• WORK TO BE COMPLETED:
The whole listing needs to be written out exactly, except for any images.

• DATA SECTION:

####################

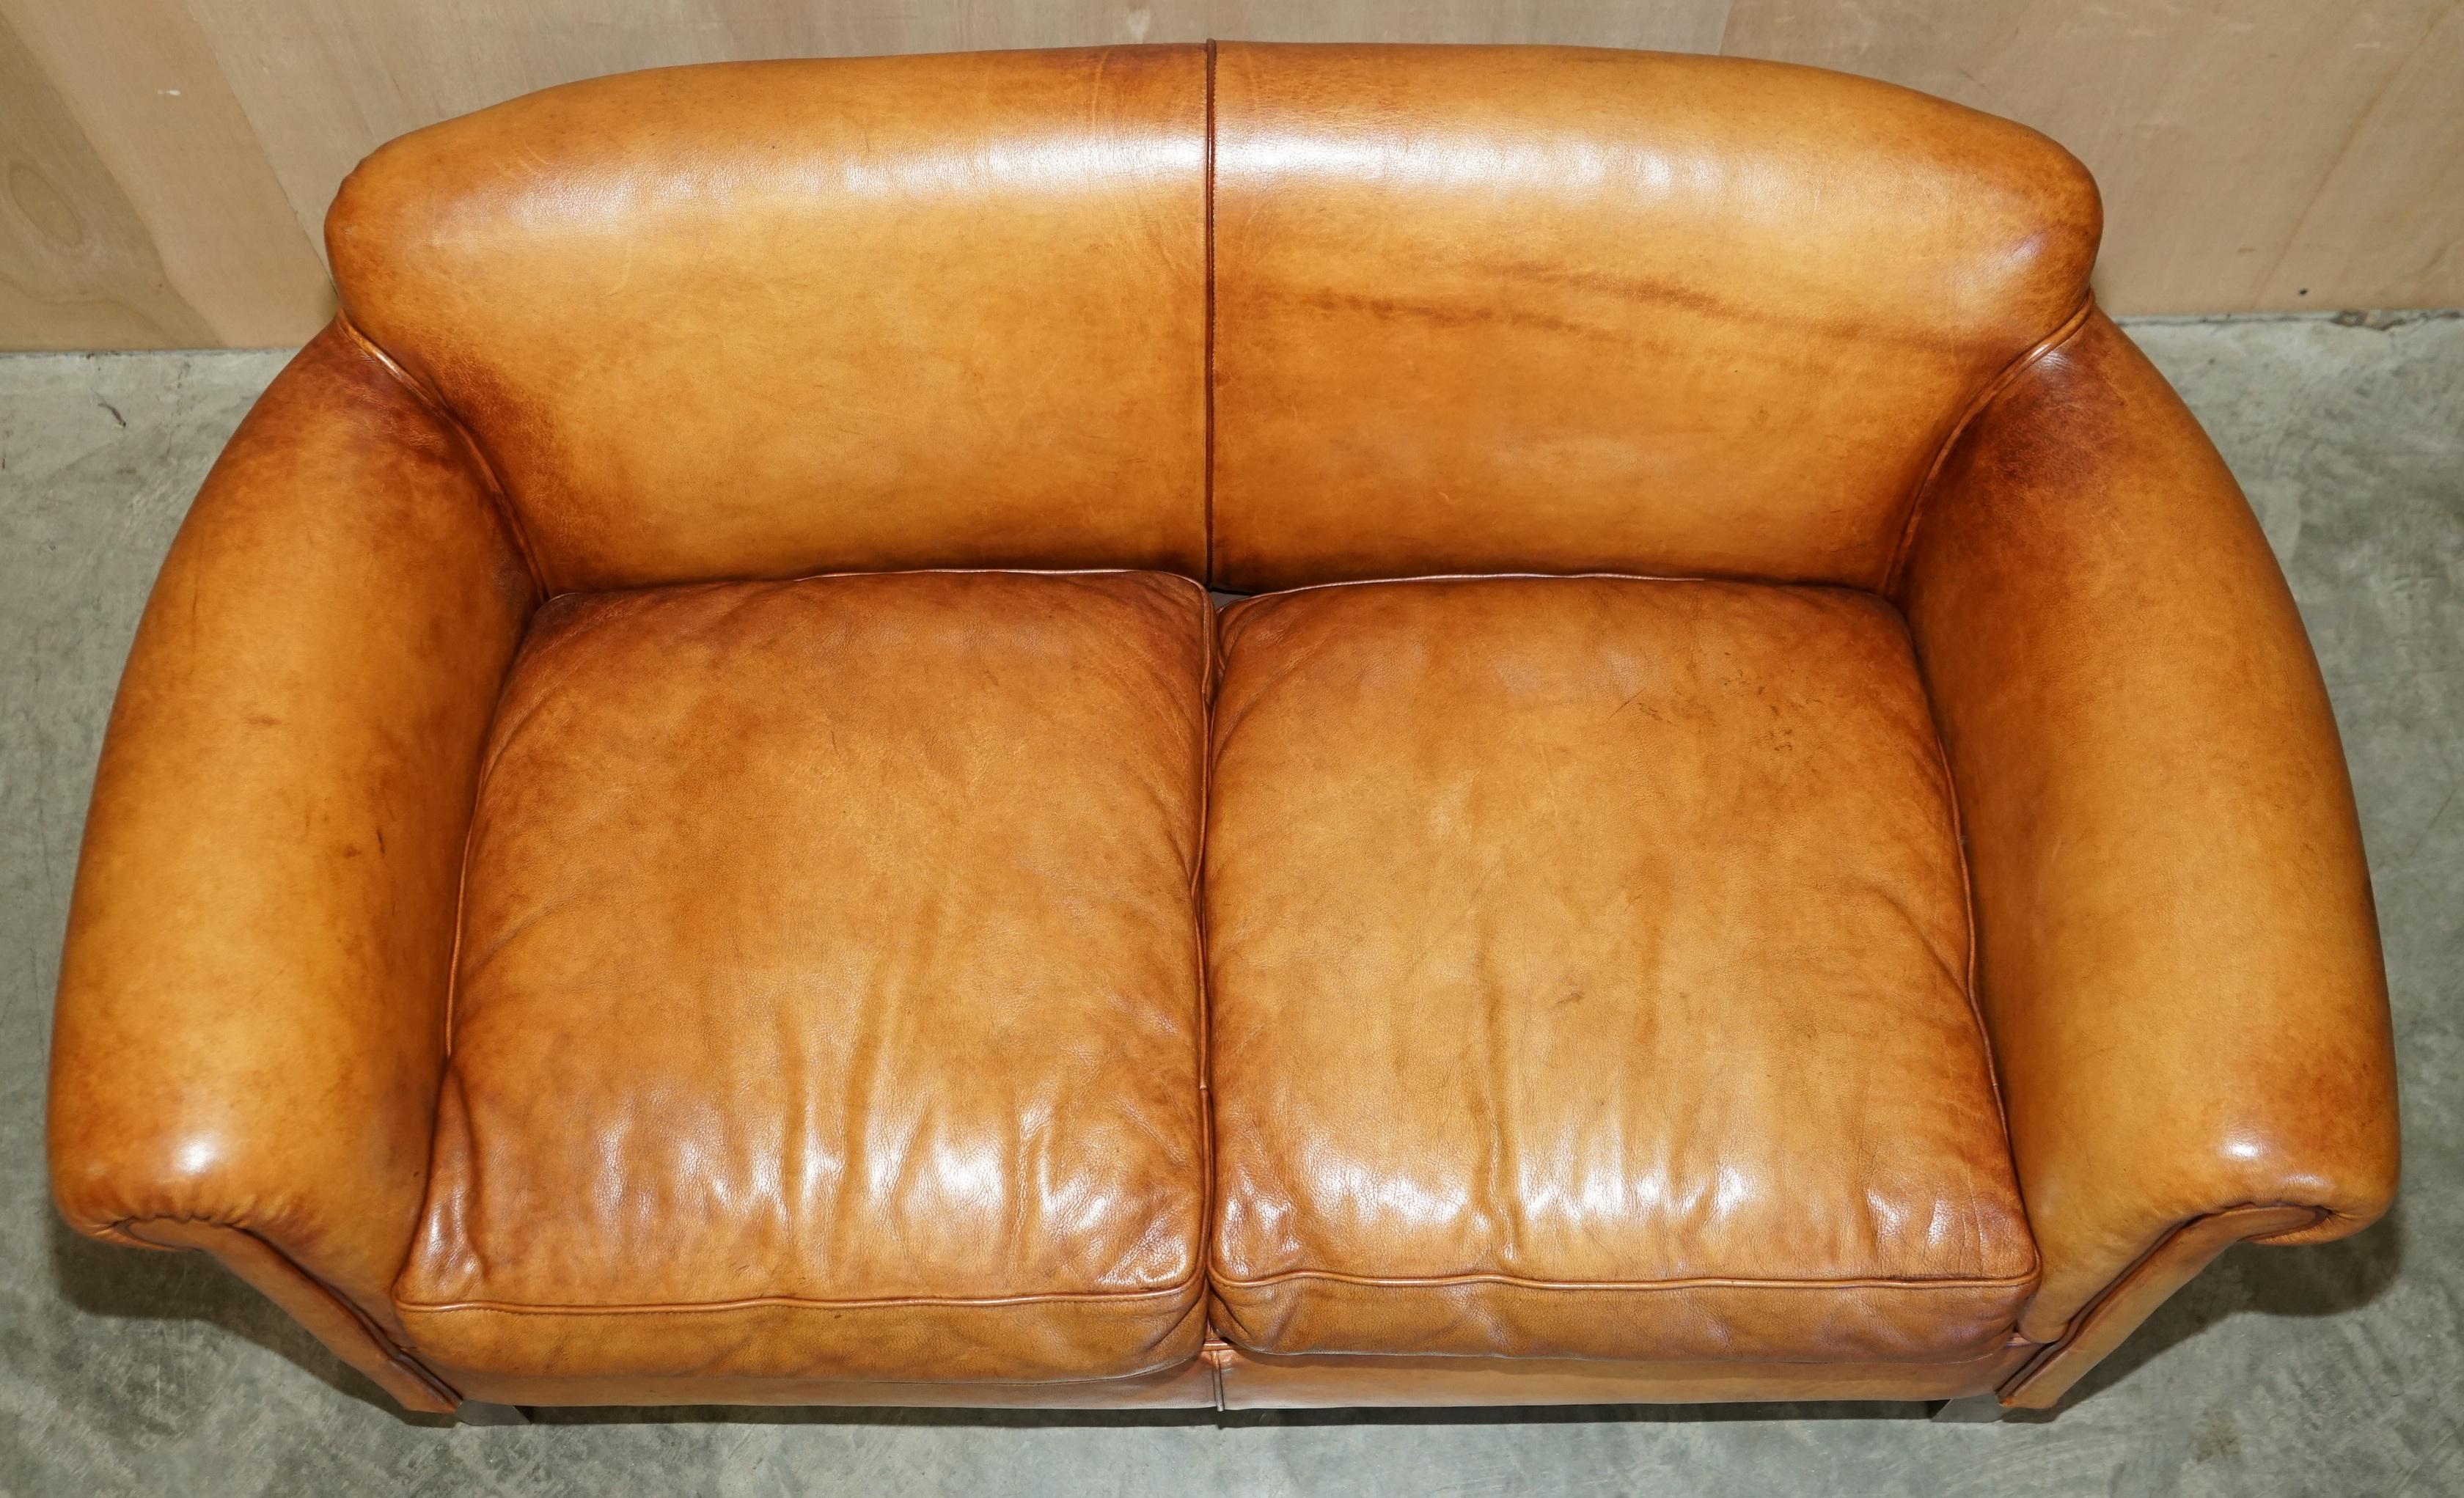 Rare John Lewis Camford Heritage Brown Leather Armchair & Two Seat Sofa Suite For Sale 7
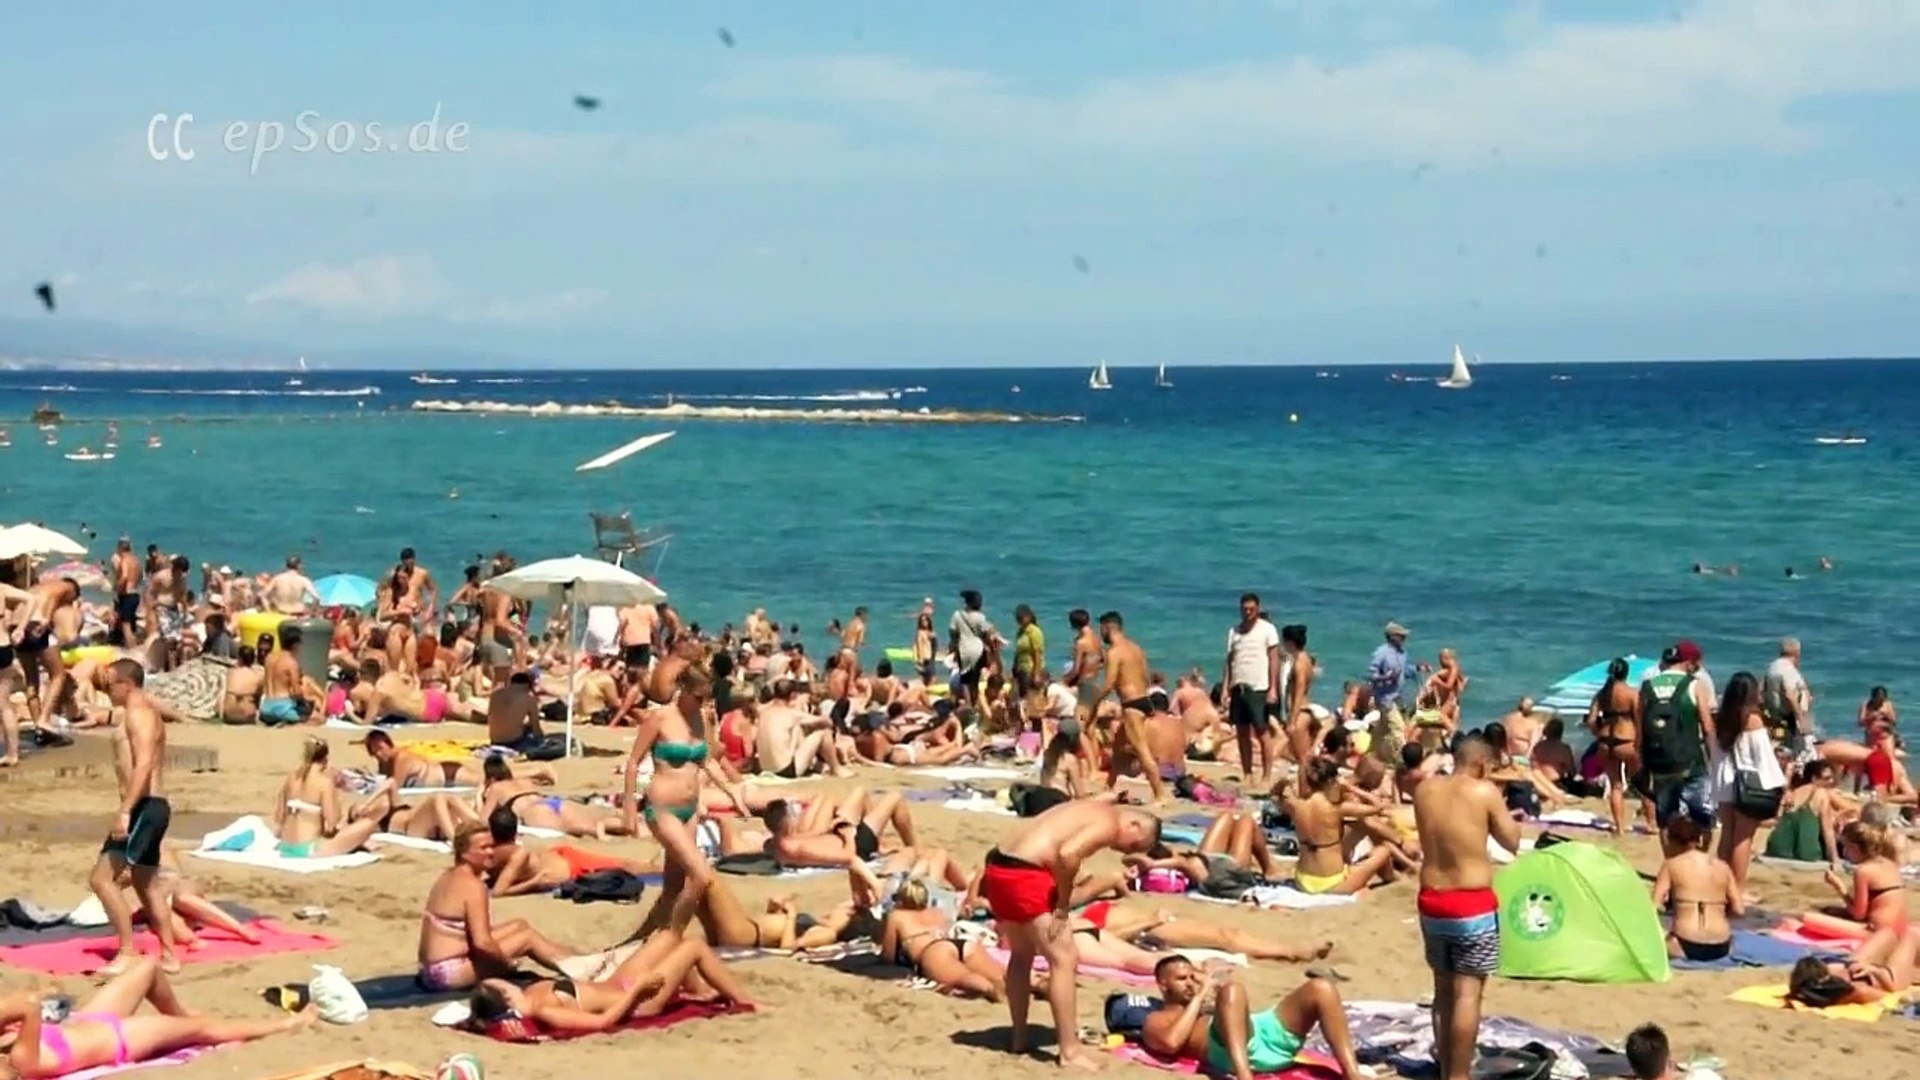 Nudism Public Sex - Sex party at Barcelona Beach of Barceloneta
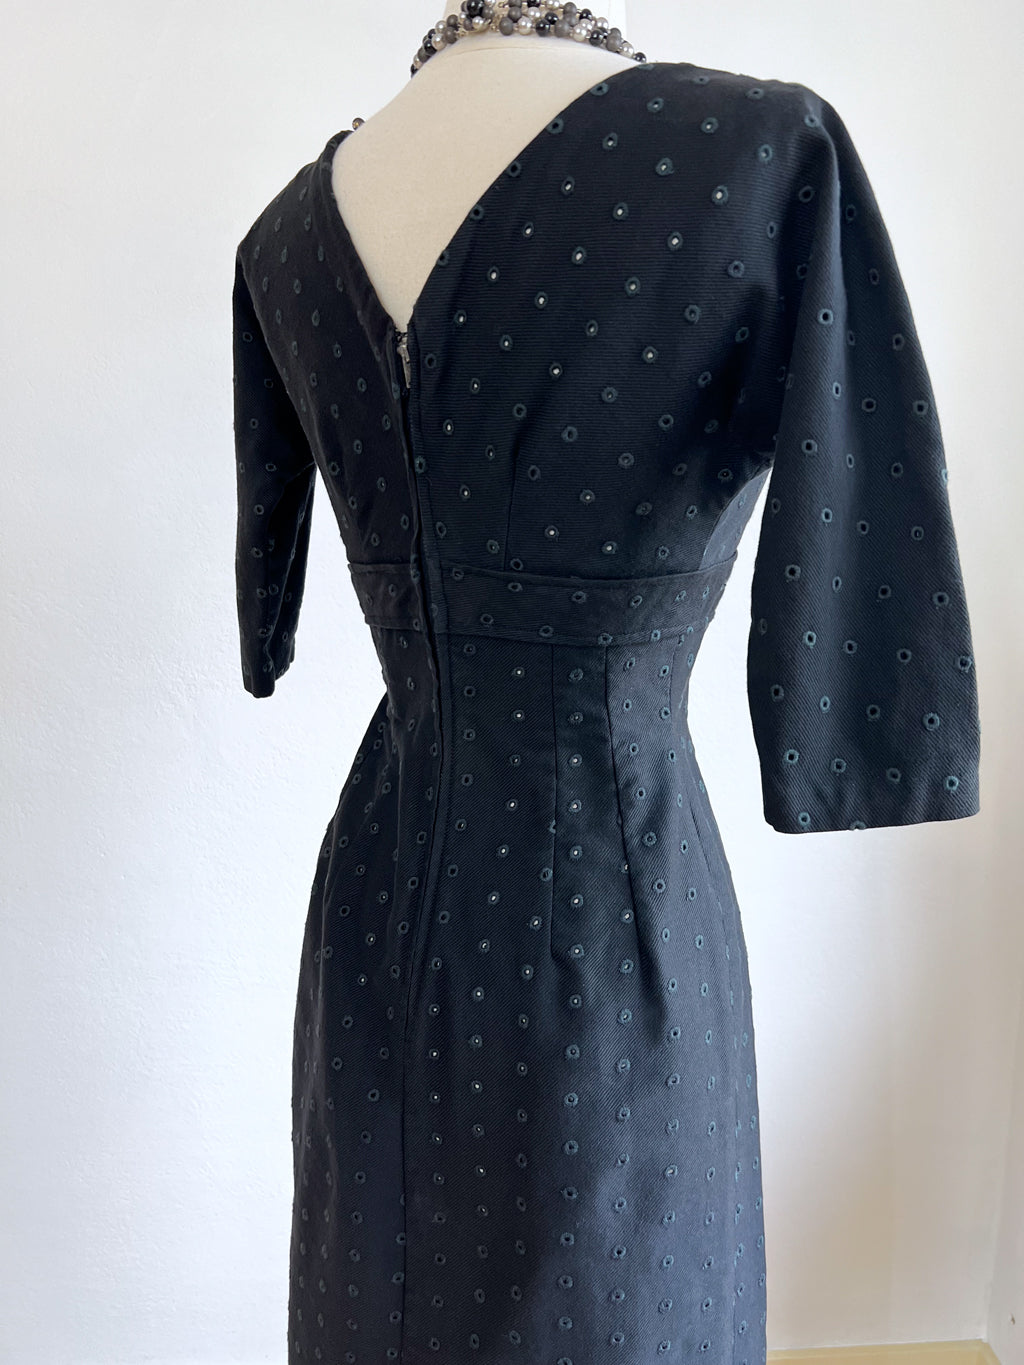 Vintage 1950s Jerry Gilden Cocktail Dress - Sultry Sculpted Black Eyelet Peekaboo Embroidered Wiggle Dress Size XS - S

####################

• RESPONSE TO THIS EXERCISE:
 Rare John Lewis Camford Heritage Brown Leather Armchair & Two Seat Sofa Suite For Sale 7
 Nudism Public Sex - Sex party at Barcelona Beach of Barceloneta
 Vintage 1950s Jerry Gilden Cocktail Dress - Sultry Sculpted Black Eyelet Peekaboo Embroidered Wiggle Dress Size XS - S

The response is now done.